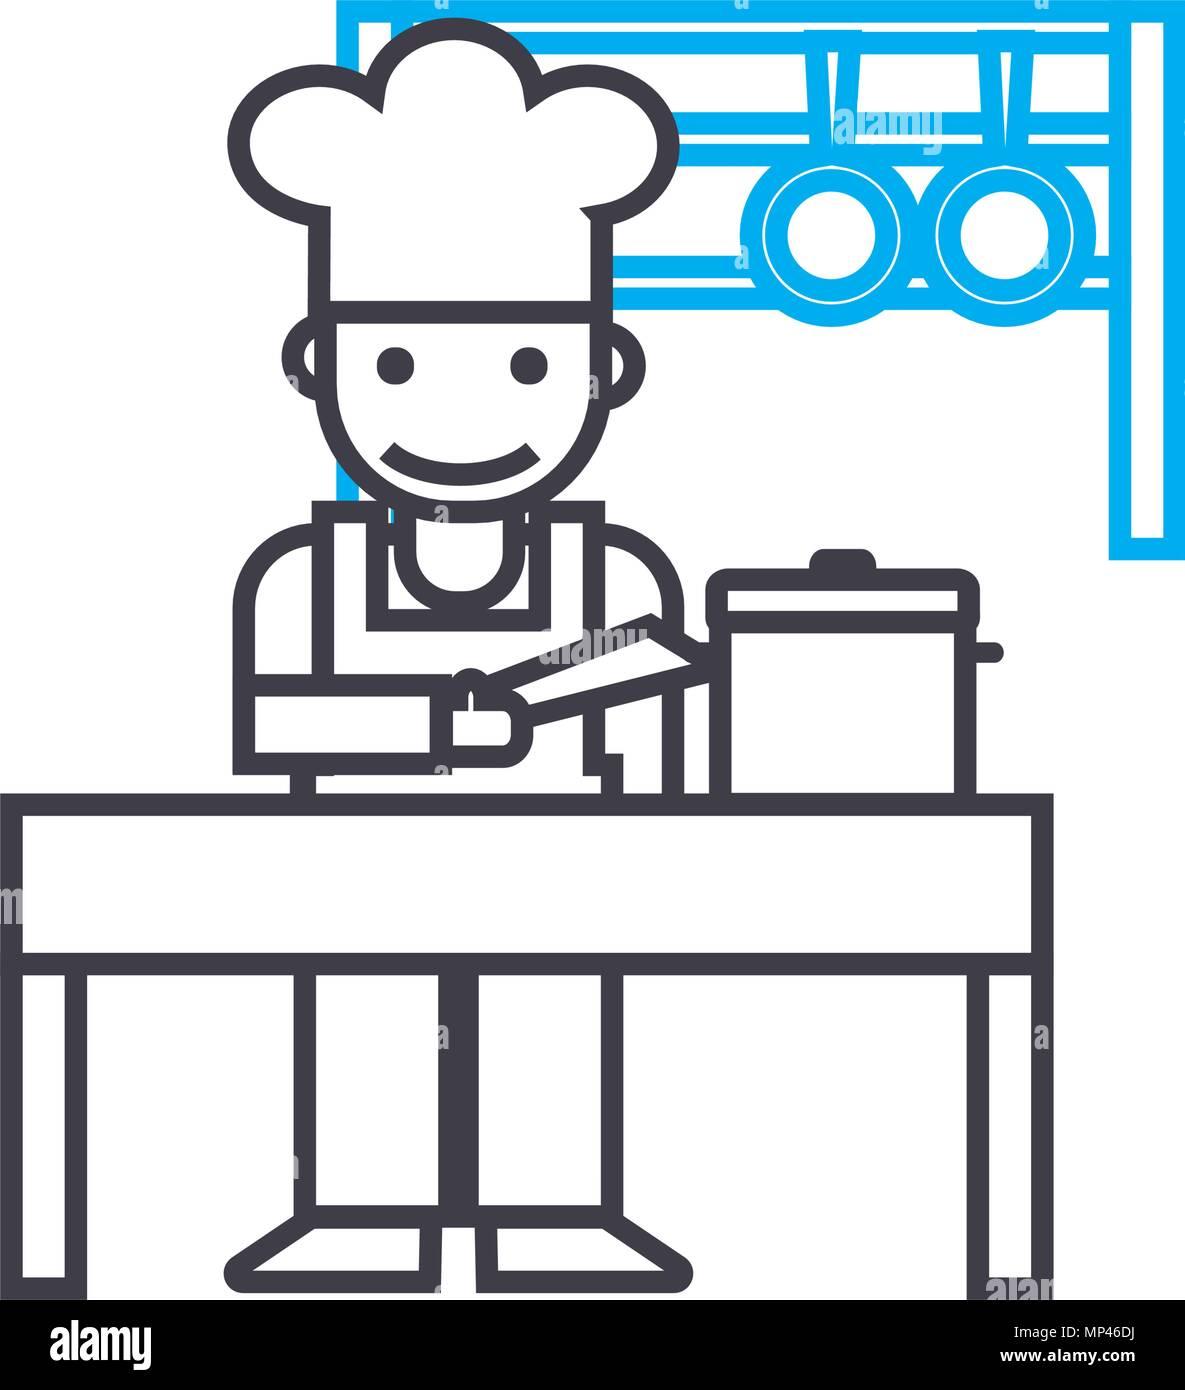 Küche Personal lineare Symbol Konzept. Küche Personal line Vektor
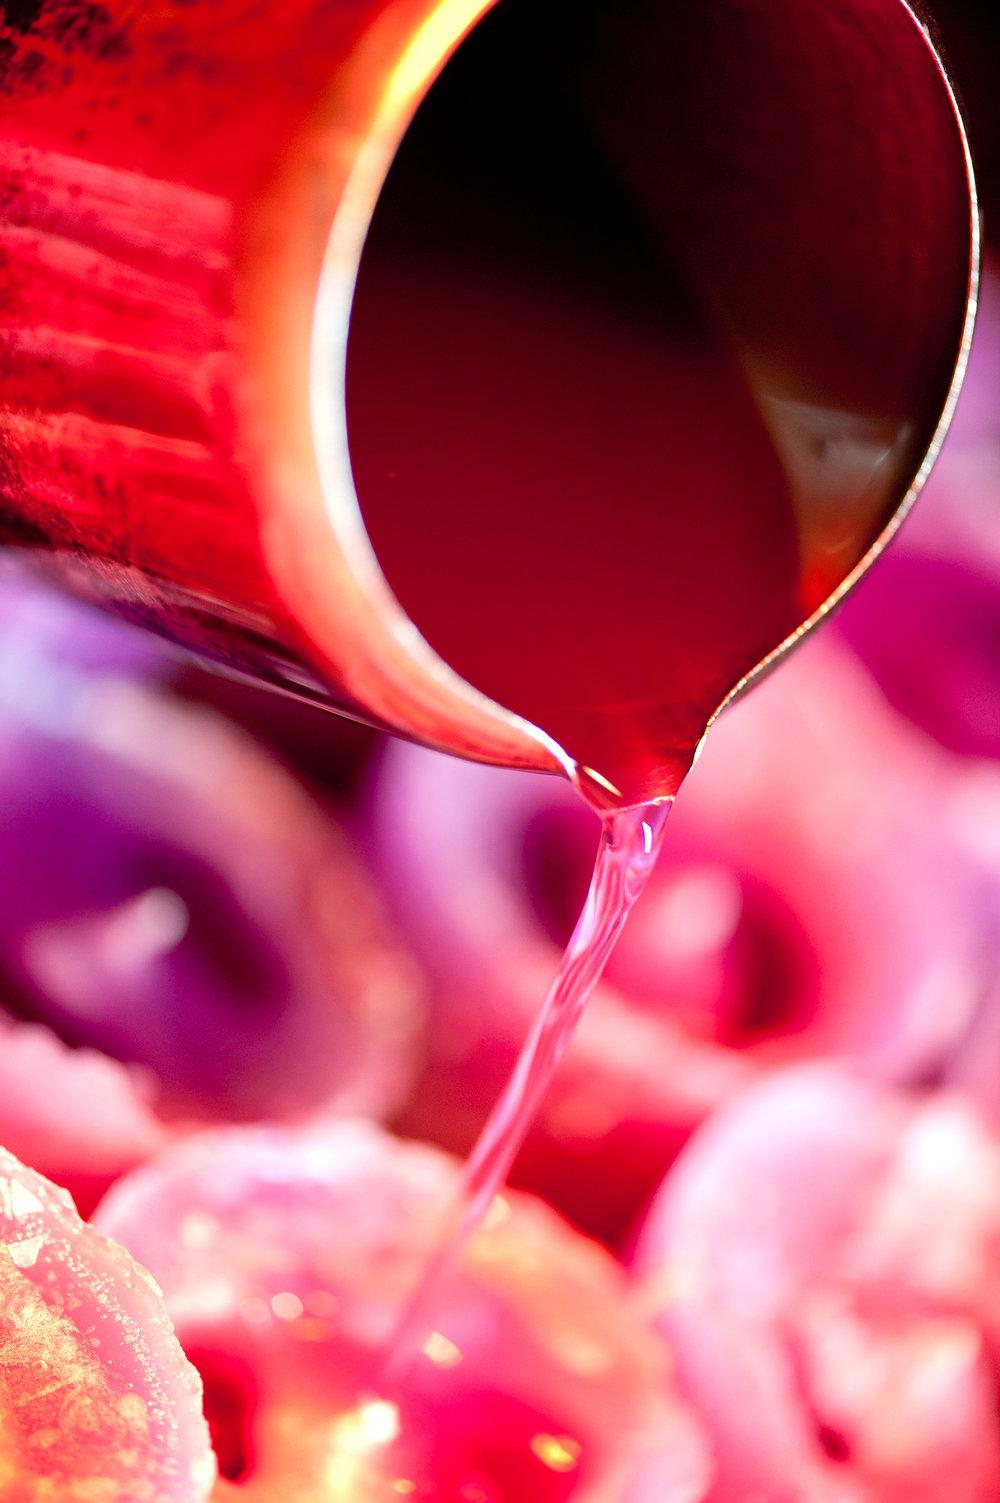 kapula-handmade-hand-poured-candles-wax.jpg
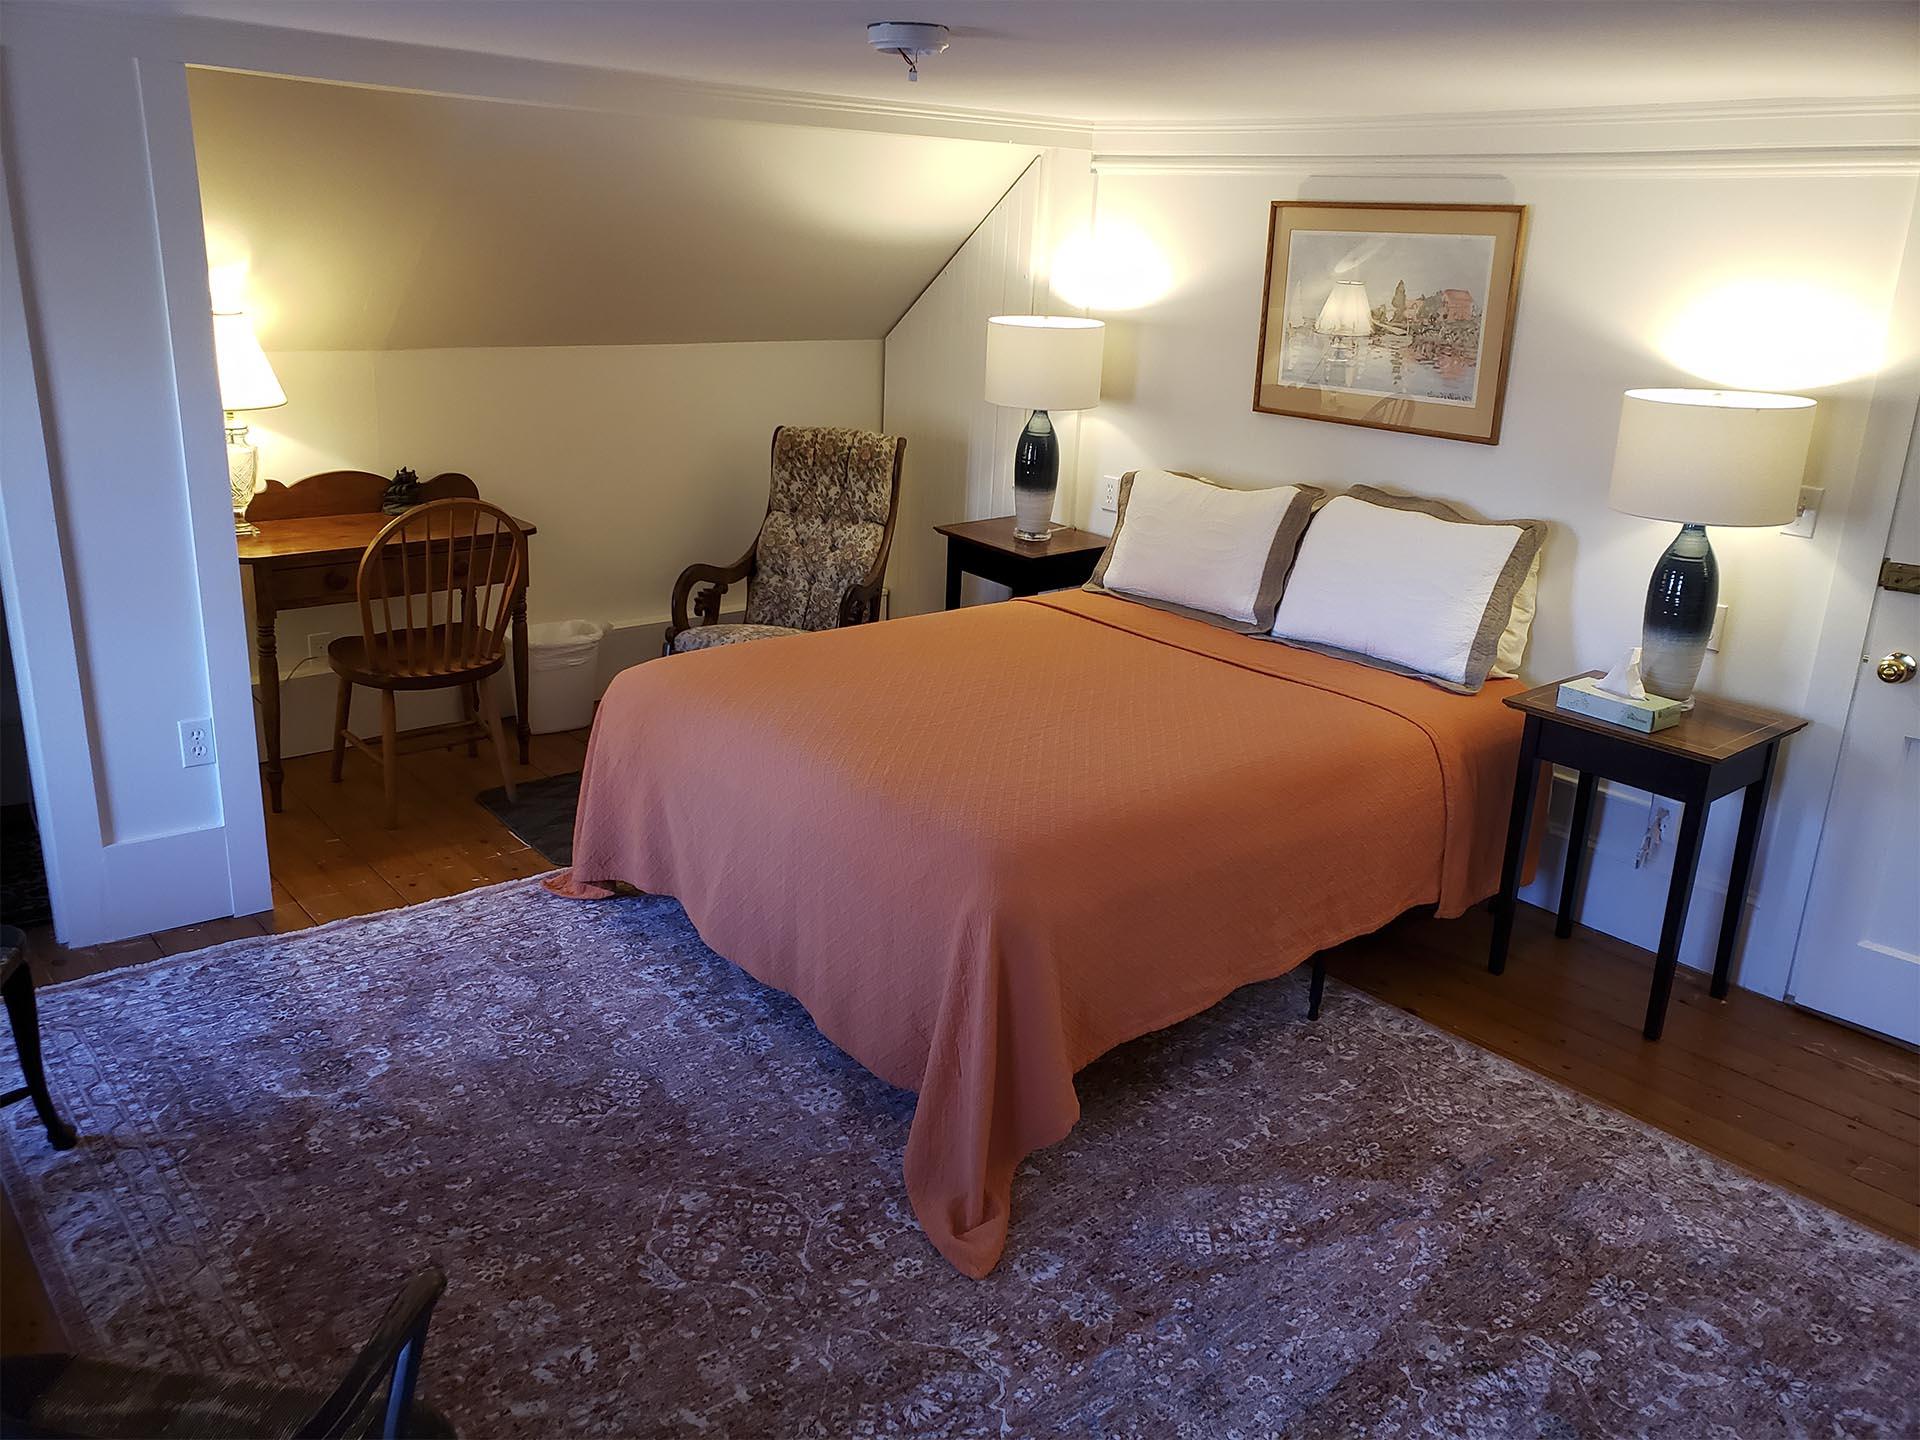 Inn Personal Rustic Room
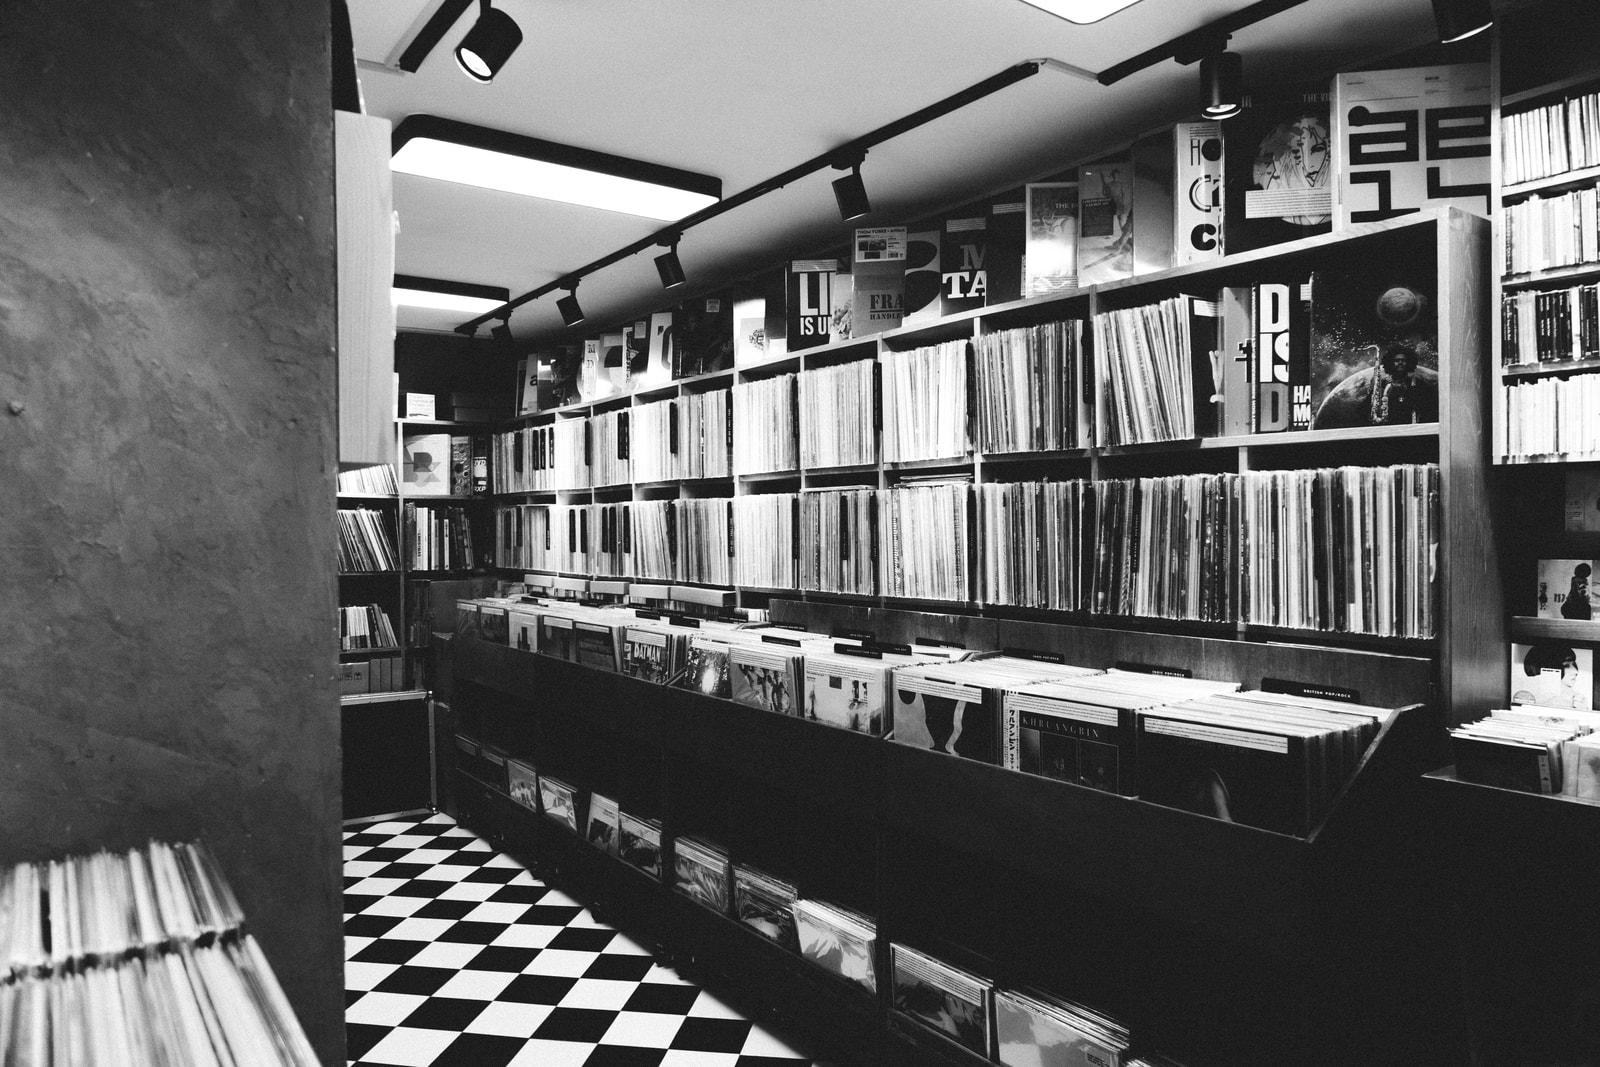 HYPEBEAST 獨家專訪 TYNT : 沒有音樂我甚麼也不是。

• The problem:
Nothing but the lines from the line with "kapula-handmade-hand-poured-candles-wax.jpg" through the last line of the data above should be printed, exactly as written and without pictures.

• Expected output:
 kapula-handmade-hand-poured-candles-wax.jpg
 Inn Personal Rustic Room
 HYPEBEAST 獨家專訪 TYNT : 沒有音樂我甚麼也不是。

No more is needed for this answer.